How We Do It
Sustainability isn't enough
Mankind’s love affair with eating oysters has to do with its taste, for sure, but what makes it such a unique and religious experience for most of us is that it’s just so damn pure … a singular, unadulterated expression of nature. You pluck it from the open waters, crack it open, cut it loose and throw it back. No pomp. No artifice. No filter whatsoever. And so the last thing we’d want to do is to create a grow-out process that gets in the way of that purity.
We farm Crassostrea virginica, our region’s native oyster – it’s the only legally allowable oyster to grow on the East Coast (and we couldn’t be happier about that). In the wild, these oysters tend to grow in protective clusters (ie, oyster reefs), where the young oysters (‘spat’) cling to the side of an adult or host shell. These reefs are bastions for hundreds of species, like baby crabs and rockfish.
But harvesting these wild oysters is problematic. Firstly, you are pulling from a limited supply (one that can’t currently support its ecosystem, much less feed us). Secondly, to harvest them off the seafloor, you have to either hand tong for them (back breaking and tediously slow) or ‘dredge’ them (scraping the bottom clean and leaving nothing but mud). Lastly, and not insignificantly, you simply get a poor quality oyster, and that’s because the by-product of wild harvest is a denuded environment: oxygen poor and silty due to grass losses and malnourished due to its poor station in the water column.
So what we do is to, first, choose farm locations that best support growth (firm bottom, good flow, nutrient dense)and then over time improve those conditions. We elevate the oysters off the bottom, where the food quality and quantity is greatly improved, and place them in cages (with ‘feet’ that lift them 6 inches off the seafloor) that can easily be extracted from the water with a simple hydraulic lift. By getting them off the bottom, grasses can then grow around and under the cages, supplying oxygen and reconstituting the seafloor. And harvesting the oysters can be an extremely delicate procedure, where by-catch (yes, these cages become mini-reefs and are home to countless organisms) can flow easily out of the side of the cage as we draw it from the water.

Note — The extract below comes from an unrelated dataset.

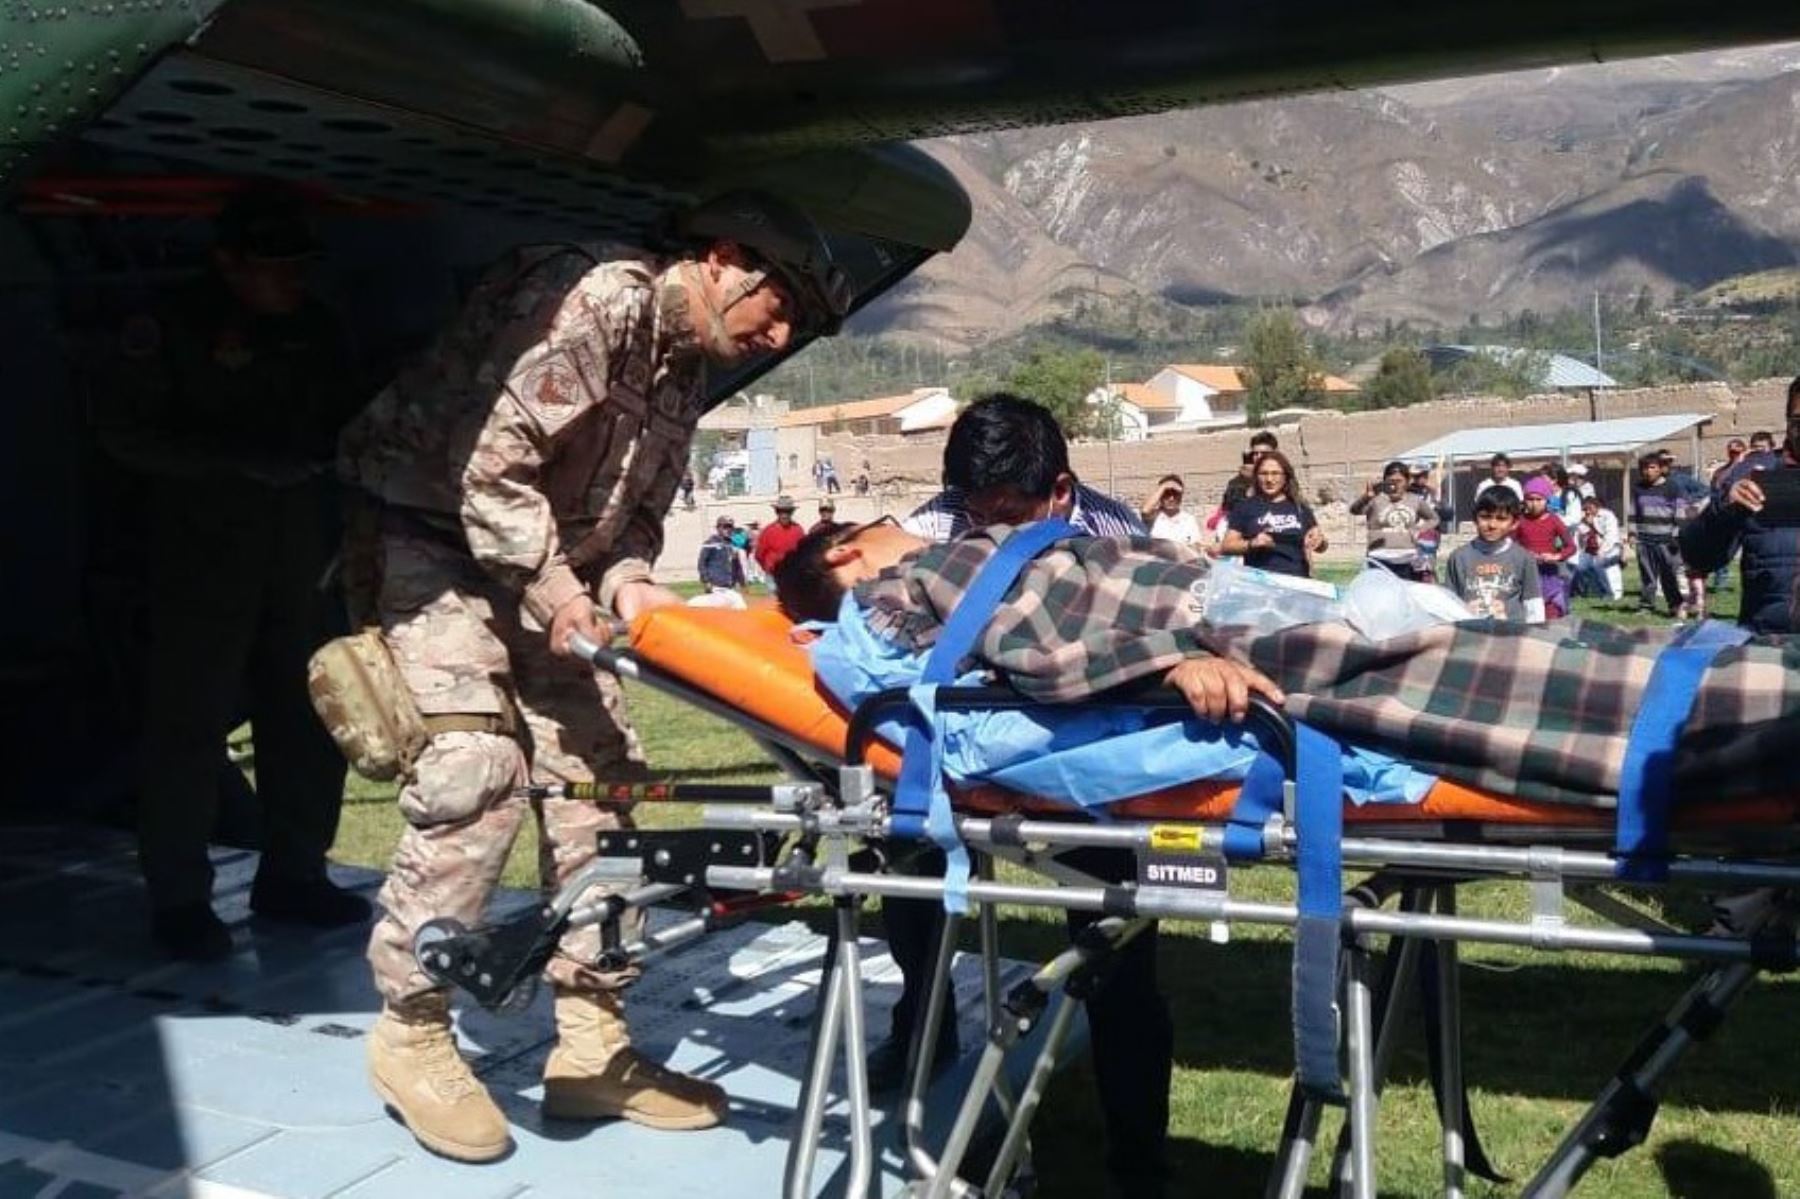 En un helicóptero de la Fuerza Aérea Peruana (FAP) se trasladó desde la localidad ayacuchana de Pauza, hacia Arequipa, a las ocho personas en estado grave tras sufrir una intoxicación por alimentos, informó el Instituto Nacional de Defensa Civil (Indeci).

But how is it sustainable if you’re still working with wild oysters? That’s where the story goes from good to great. Oysters in our region naturally spawn (ie, reproduce) when the water temperature hits around 75-degrees. Using a nursery system, we can trick the oysters into spawn simply by raising the water temperature. All of the subsequent larvae can be captured and ‘set’ on ‘culch’ (ground up oyster shell that serves the same purpose as the ‘host’ shell in the wild). The end result from a few dozen oysters is millions of ‘spat,’ which in the wild would have almost assuredly ended up landing and dying in the mud. And so our farms are purely additive – and that’s totally sustainable. But it gets better. Those oysters that we put in our cages will go on to reproduce, and those billions or larvae are released into the wild to further increase our public stocks. It’s about as win/win as it gets.
So for the average consumer who chooses our oyster, this means you’re not sacrificing the purity that we love about oysters. What it means is that you’re choosing to support a new way of thinking about food production, one that is healthier, more respectful, and more delicious. It seems almost contradictory, but with cultured oysters, the more you eat, the more good you’re doing for our waters, our culture, and ultimately for the preservation of our native oyster.